Иные из его спутников переглянулись, на большее они не отважились. Подобное событие не из тех, с которыми легко примиряешься, оно влекло за собой величайшие перемены: перемены ждут и их самих, но какие – они еще не знали. Жанна д’Альбре воплощала для них слишком многое, она не смела умирать. Она вела их вперед и кормила их. Она помогала им добывать хлеб, который растет на пашнях, и хлеб вечной жизни. Наши свободы! Жанна д’Альбре добивалась их для нас! Наши крепости! Хотя бы Ла-Рошель на берегу океана – она их для нас завоевала! Наши молитвенные дома на городских окраинах – она их сохранила; мир в наших провинциях, наши женщины, возделывающие поля под покровом господним, пока мы скачем на конях в ратное поле и бьемся за веру, – всем этим была Жанна д’Альбре! Какая же судьба постигнет нас теперь?

Эта мысль сменилась ужасом, затем гневом, и сейчас же неудержимо вспыхнуло подозрение, что кто-то в этом повинен, что тут действовала рука преступника, ибо столь великое несчастье не может совершиться само собой. Покойница мешала сильным мира сего, и вполне ясно, кому именно. В этом растерявшемся отряде люди понимали друг друга без слов, у них были одни и те же мысли и чувства. В толпе слышались отдельные бессвязные возгласы, как будто их издавал спящий, лишь постепенно они становились громче, сливались в гневный ропот, угрожающе нарастали; и наконец из кучки гугенотов вырвались слова, словно кинжал, выхваченный из ножен, словно кто-то их произнес со стороны, другой вестник, незримый:

– Королеву отравили!

Все наперебой стали повторять их, каждый произносил вслух, как бы вслед за незримым вестником:

– Отравили! Королеву отравили! – И сын умершей повторил их вместе со всеми, и он получил эту весть, как остальные.

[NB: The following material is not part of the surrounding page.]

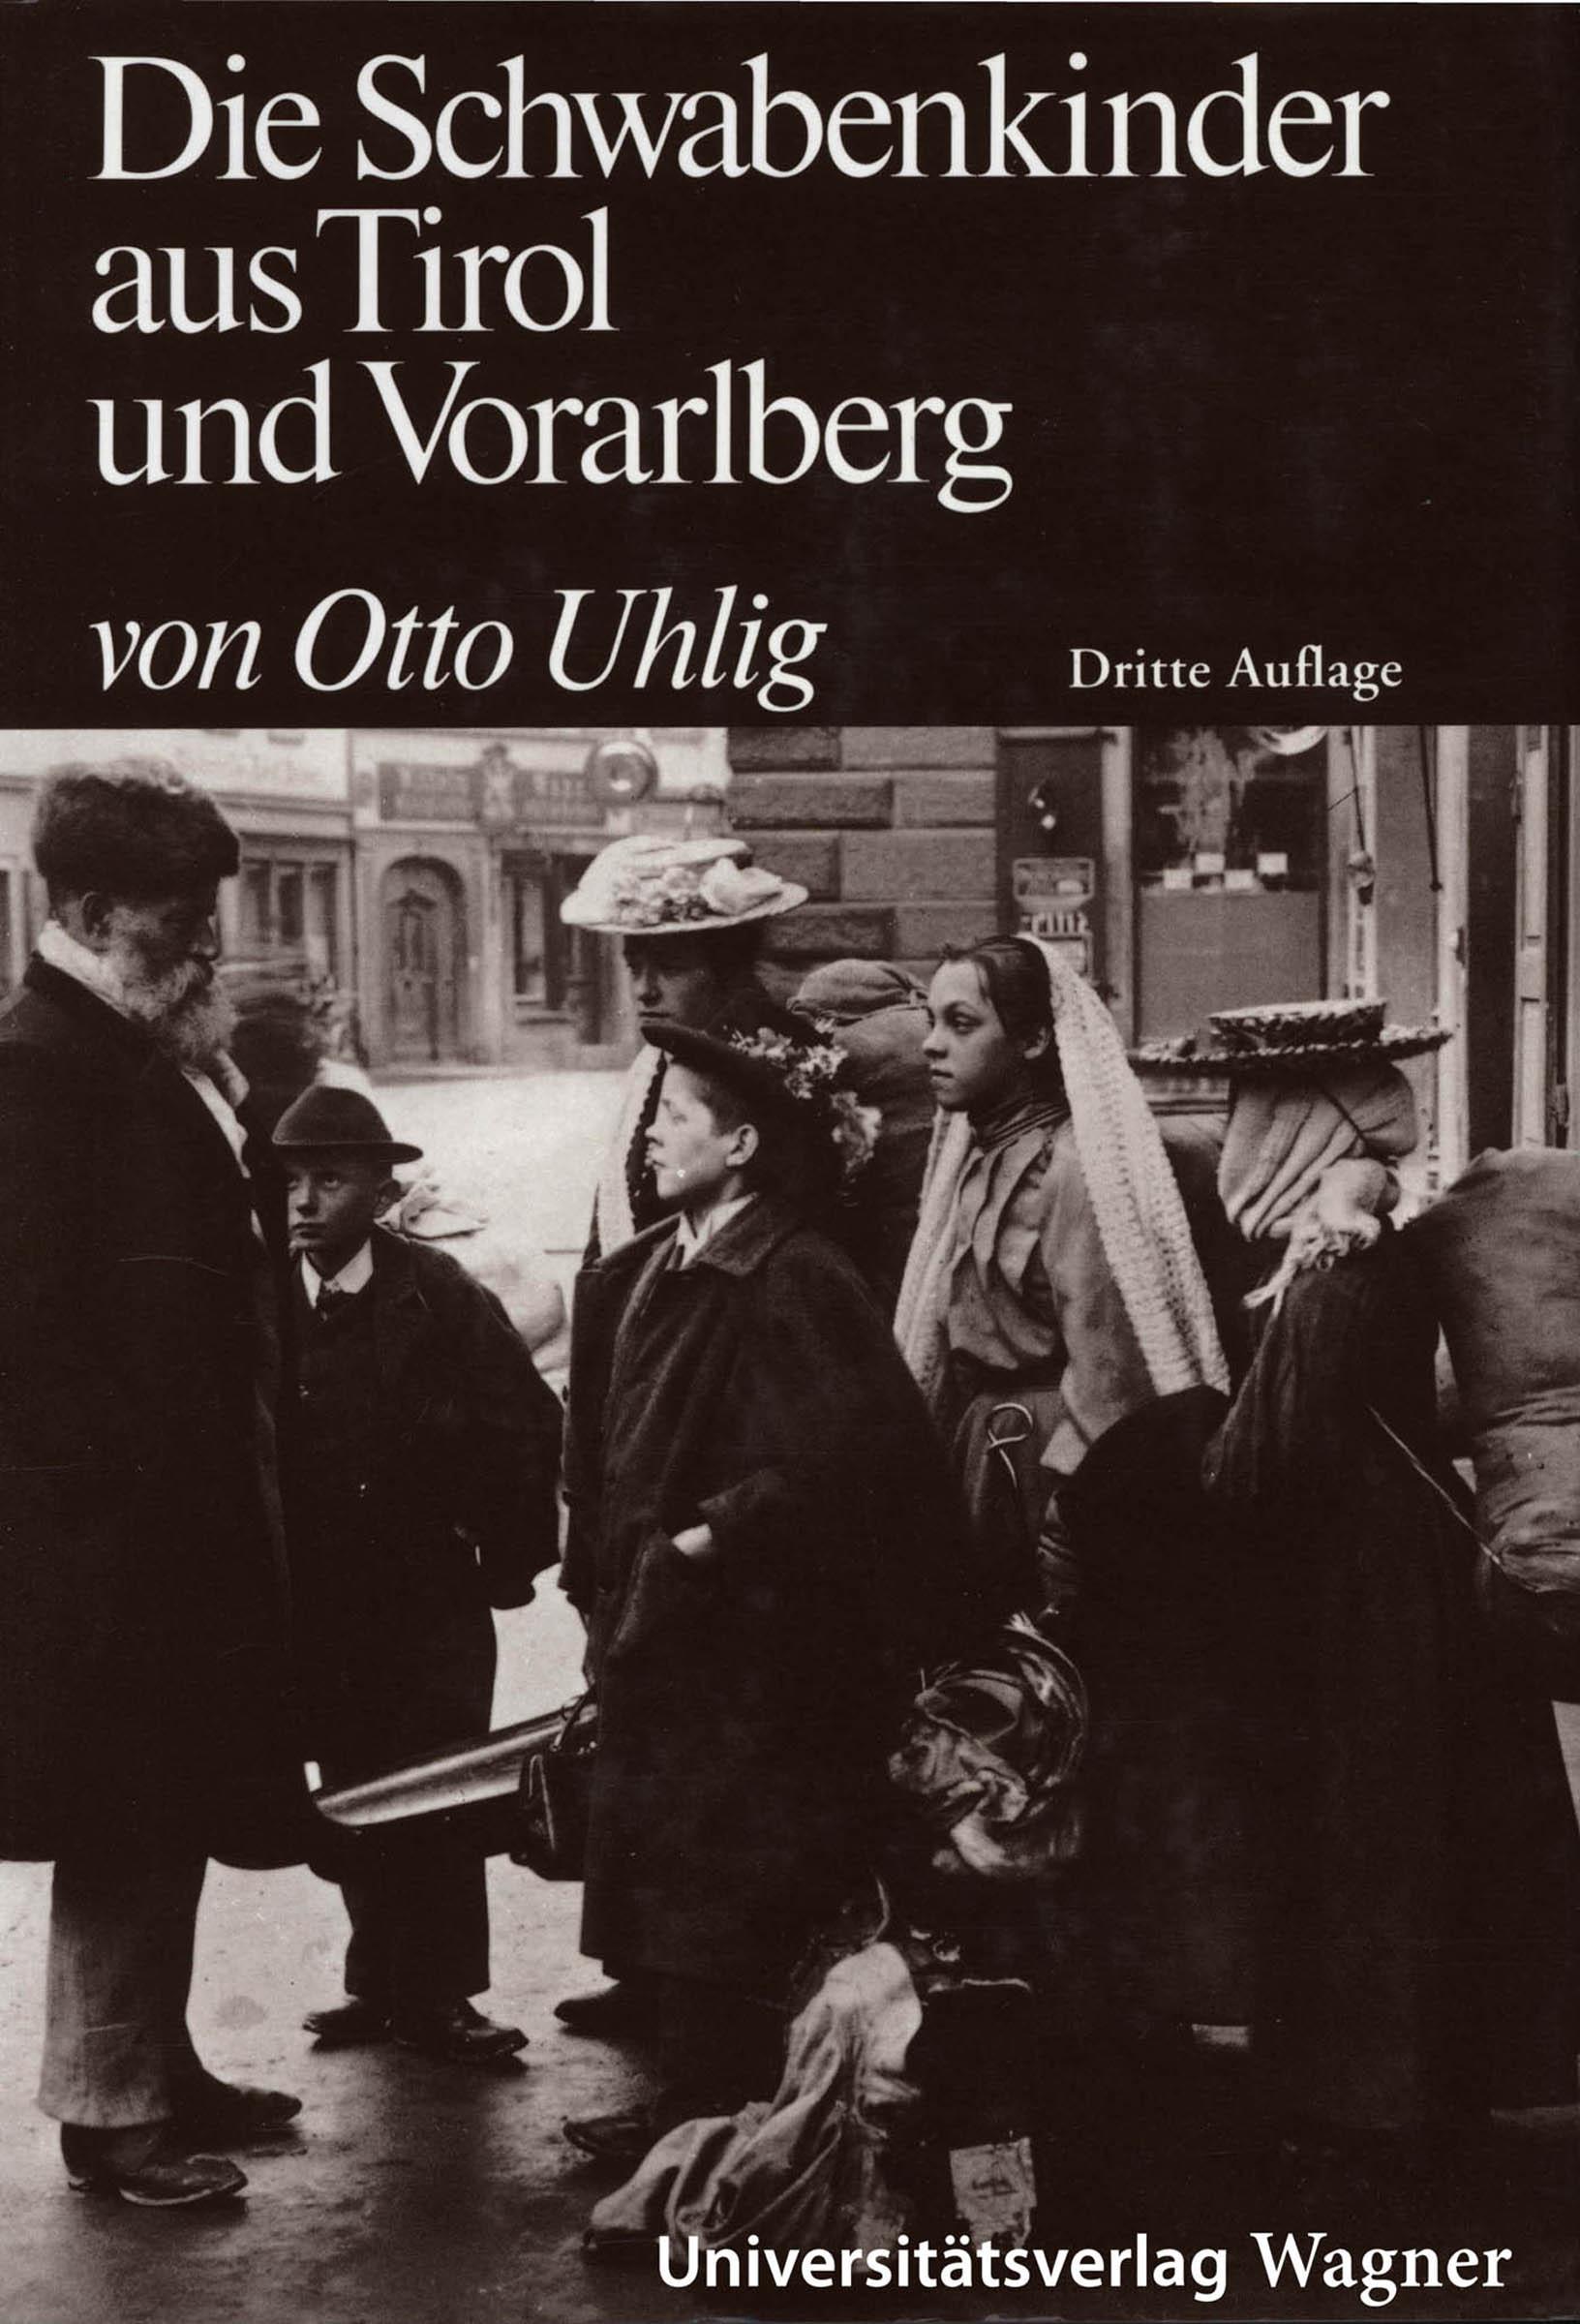 Otto Uhlig Die Schwabenkinder aus Tirol und Vorarlberg ignaz vincenz zingerle sagen aus tirol german edition

И тут произошло нечто неожиданное: юноши протянули друг другу руки. Они не сговаривались, но это была клятва отомстить за Жанну д’Альбре. Ее сын схватил руки своих друзей – дю Барта, Морнея и д’Обинье. С Агриппой он объяснился, сжав его пальцы и как бы желая сказать: «Вчера поваленная лестница, возня с женщинами, а сегодня вот это. В чем же мы можем упрекнуть друг друга, в чем раскаиваться? Такова жизнь, и мы пройдем через нее рука об руку». И своего слугу д’Арманьяка, которого он перед тем так разбранил, Генрих тоже взял за руку. В это время чей-то голос начал:

– Явись, Господь, и дрогнет враг!

Сначала пел один Филипп дю Плесси-Морней, ибо среди всех он был наиболее склонен к крайностям, в его душе обитала слишком неугомонная добродетель. Но когда он повторил первую строку, к нему присоединилось еще несколько голосов, а вторую уже пели все. Они спешились, молитвенно сложили руки и пели – горсточка людей, которой не видел никто, кроме, быть может, Господа Бога, – ведь ему они и воссылали этот псалом; пели, как будто звонили в набат, воссылая ему псалом!

Явись, Господь, и дрогнет враг!Его поглотит вечный мрак.Суровым будет мщенье.Всем, кто клянет и гонит нас,Погибель в этот грозный часСудило провиденье[6].
вернуться

6

Перевод Вл. Микушевича.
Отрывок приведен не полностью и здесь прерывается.